Cochlear function and histopathology in TR-β mutant animals. (a) ABR thresholds for TR-β^GS/GS and TR-β^–/– mice are elevated with respect to TR-β^+/+, but loss is greater in TR-β^–/–. Data from individual 8-week-old animals are shown. (b) DPOAE thresholds for TR-β^GS/GS and TR-β^–/– mice are elevated with respect to WT; however, TR-β^–/– exhibited a much greater deficit. Data are mean ± SEM. Group sizes were 10, 18, and 14 for TR-β^+/+, TR-β^GS/GS, and TR-β^–/–, respectively. (c–e) Photomicrographs of the upper basal turn (cochlear frequency approximately 16 kHz) from WT and TR-β mutant cochleas.
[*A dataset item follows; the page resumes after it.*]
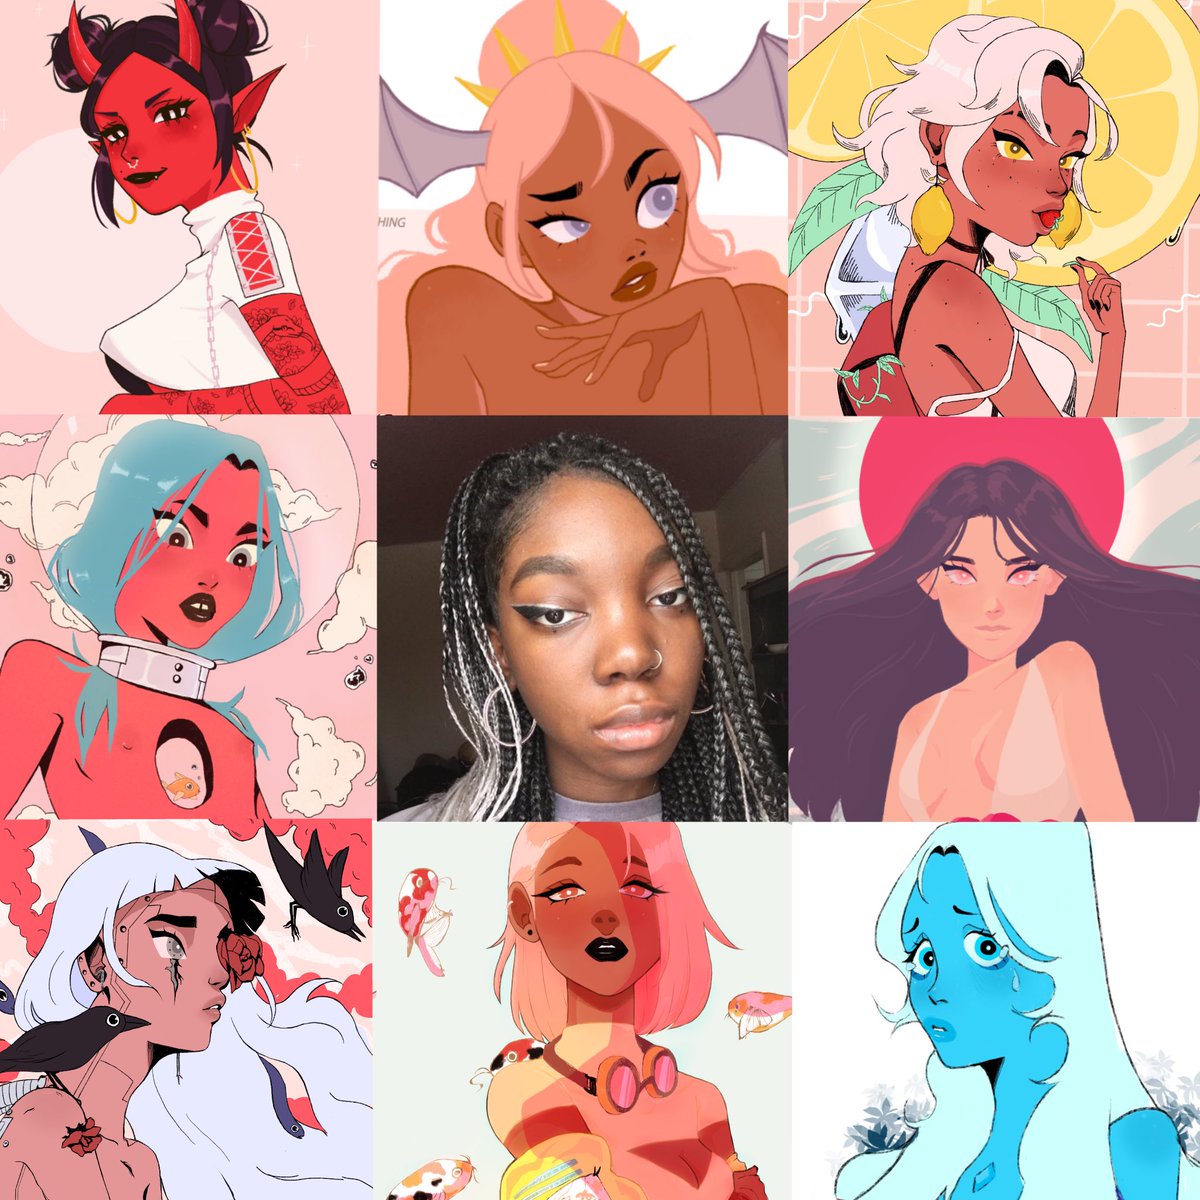 hopping on this wave #artvsartist 
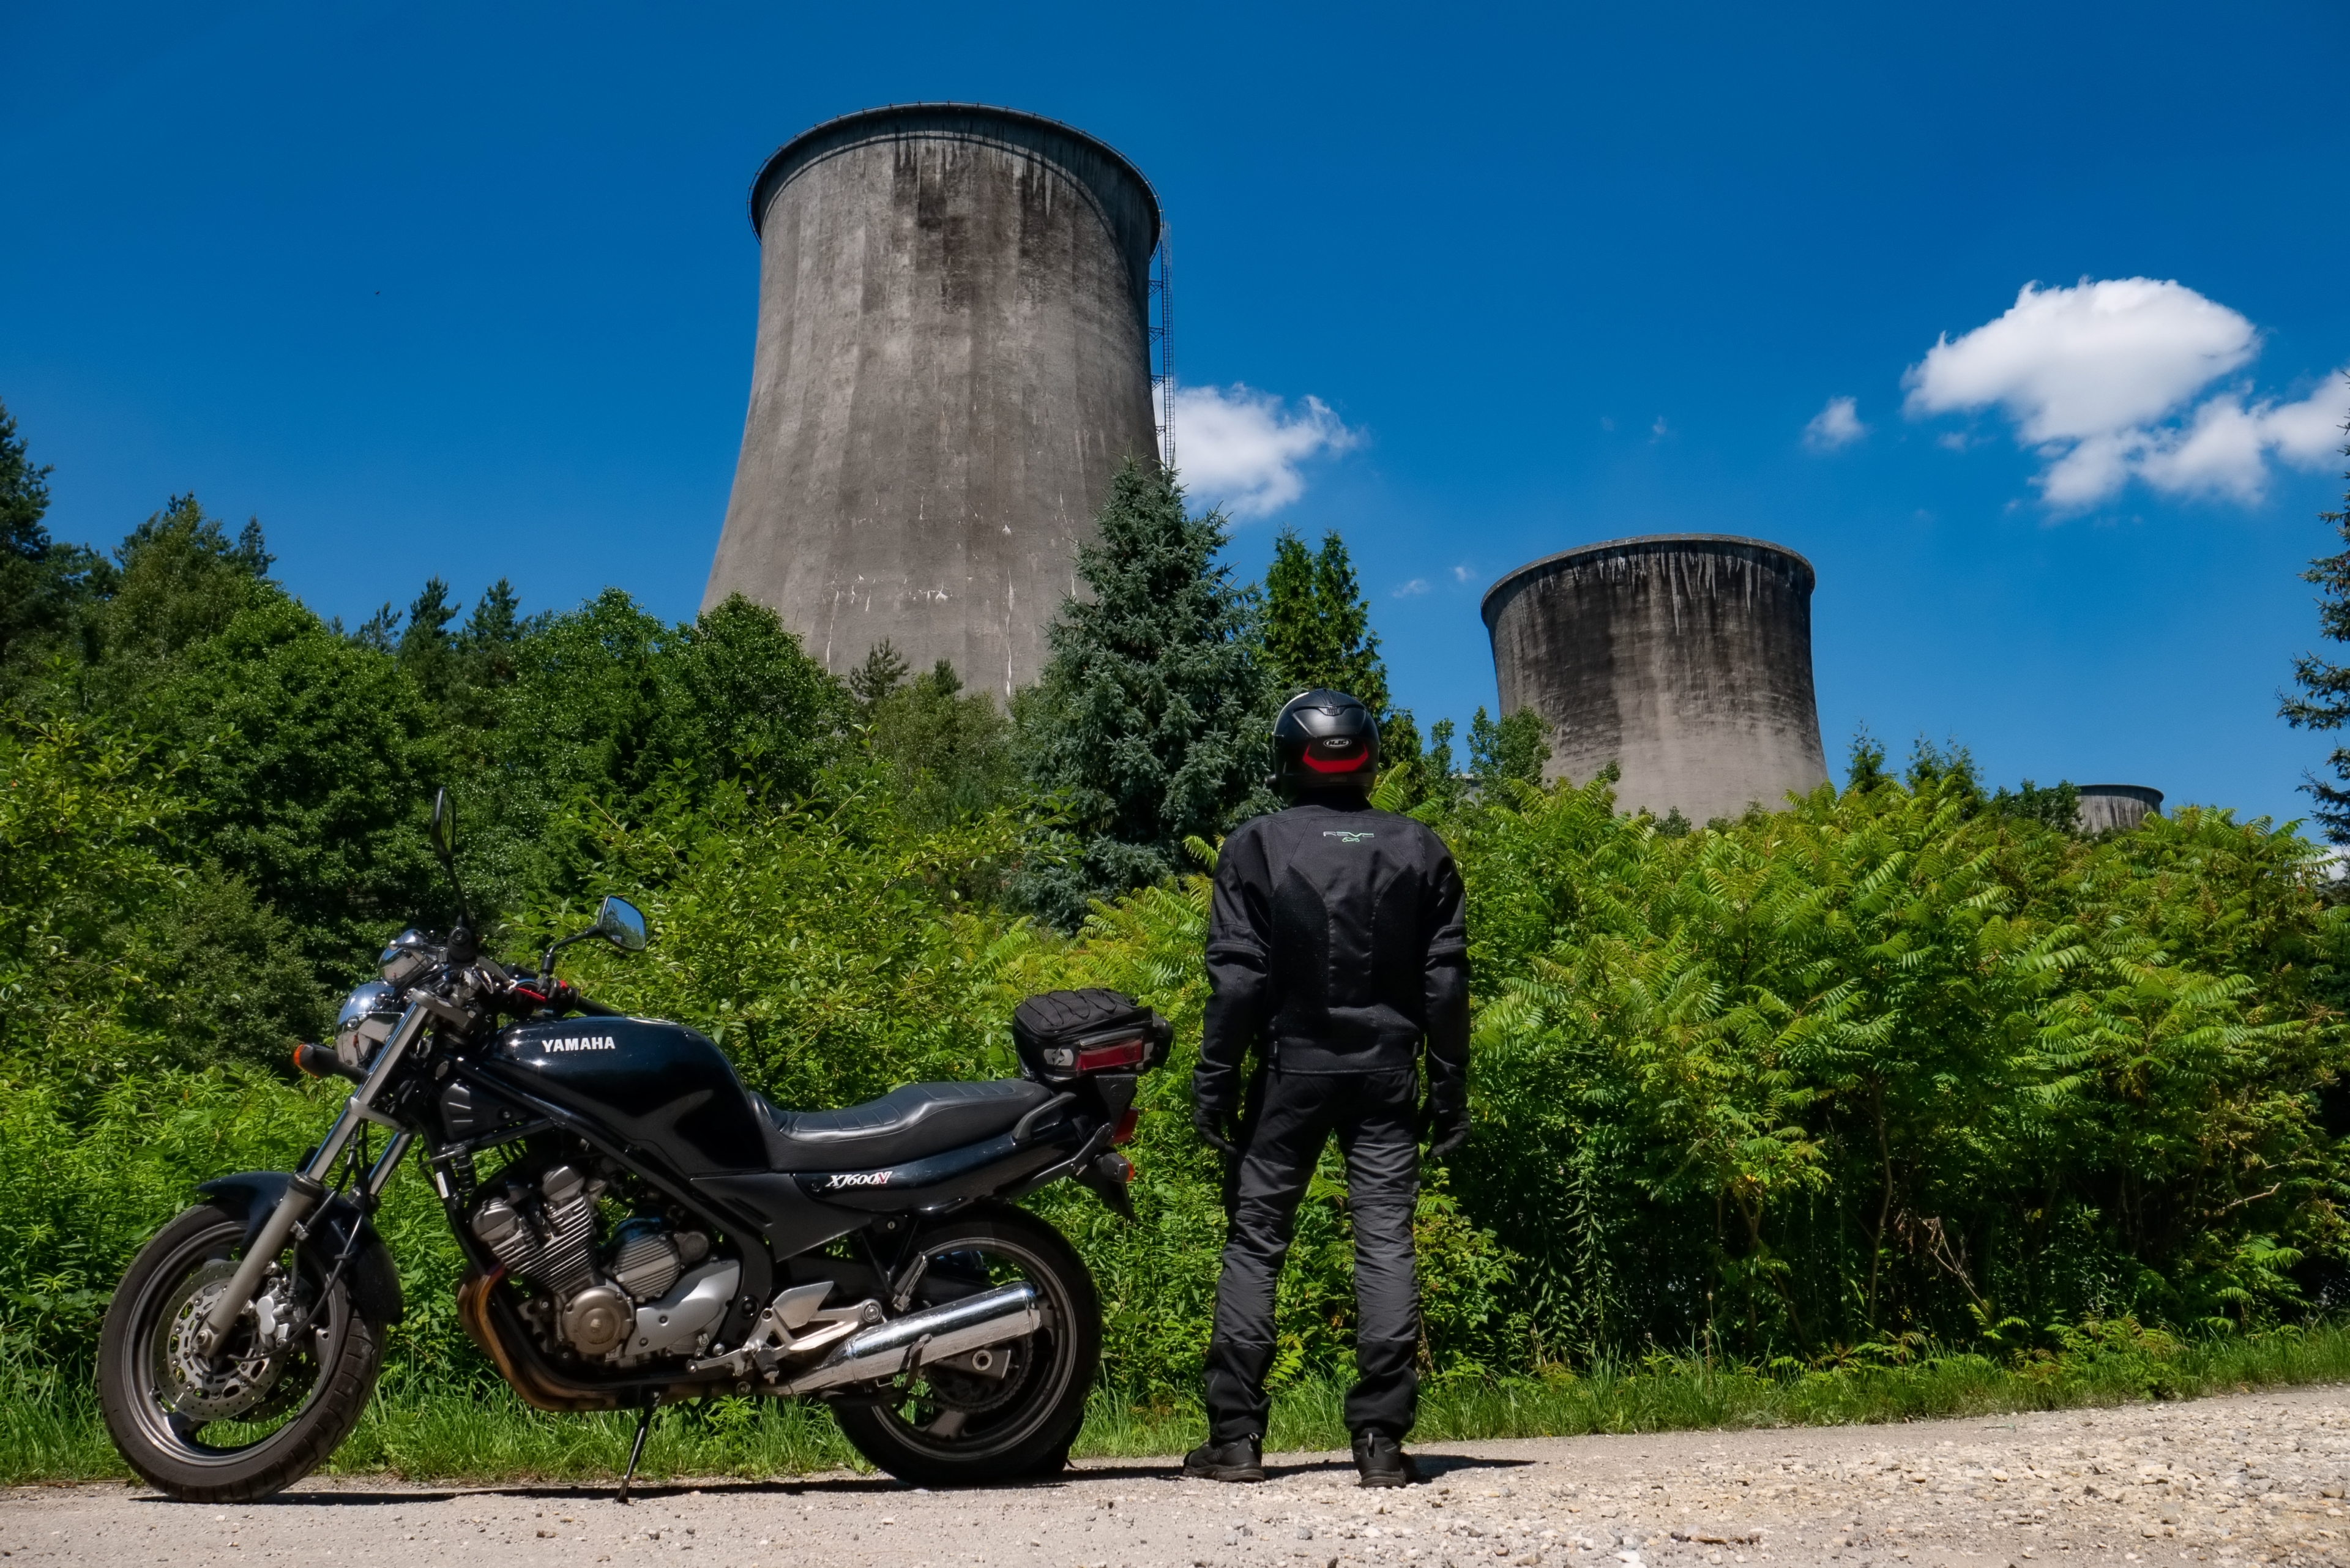 People 3840x2562 motorcycle Yamaha Poland forest industrial cooling towers Japanese motorcycles sky standing helmet side view vehicle trees clouds ground

Arrows indicate: (c) tectorial membrane in TR-β^+/+; (d) misaligned feet of outer pillar cells in TR-β^GS/GS; (e) collapse of outer supporting cells (unfilled) and loss of spiral ligament fibrocytes in TR-β^–/– (filled). Scale bar in c applies to all three images. (f–h) Basal-turn OHC loss is seen in TR-β^–/– mice. Data from one ear of each genotype are shown. Symbol key in g applies to all three panels.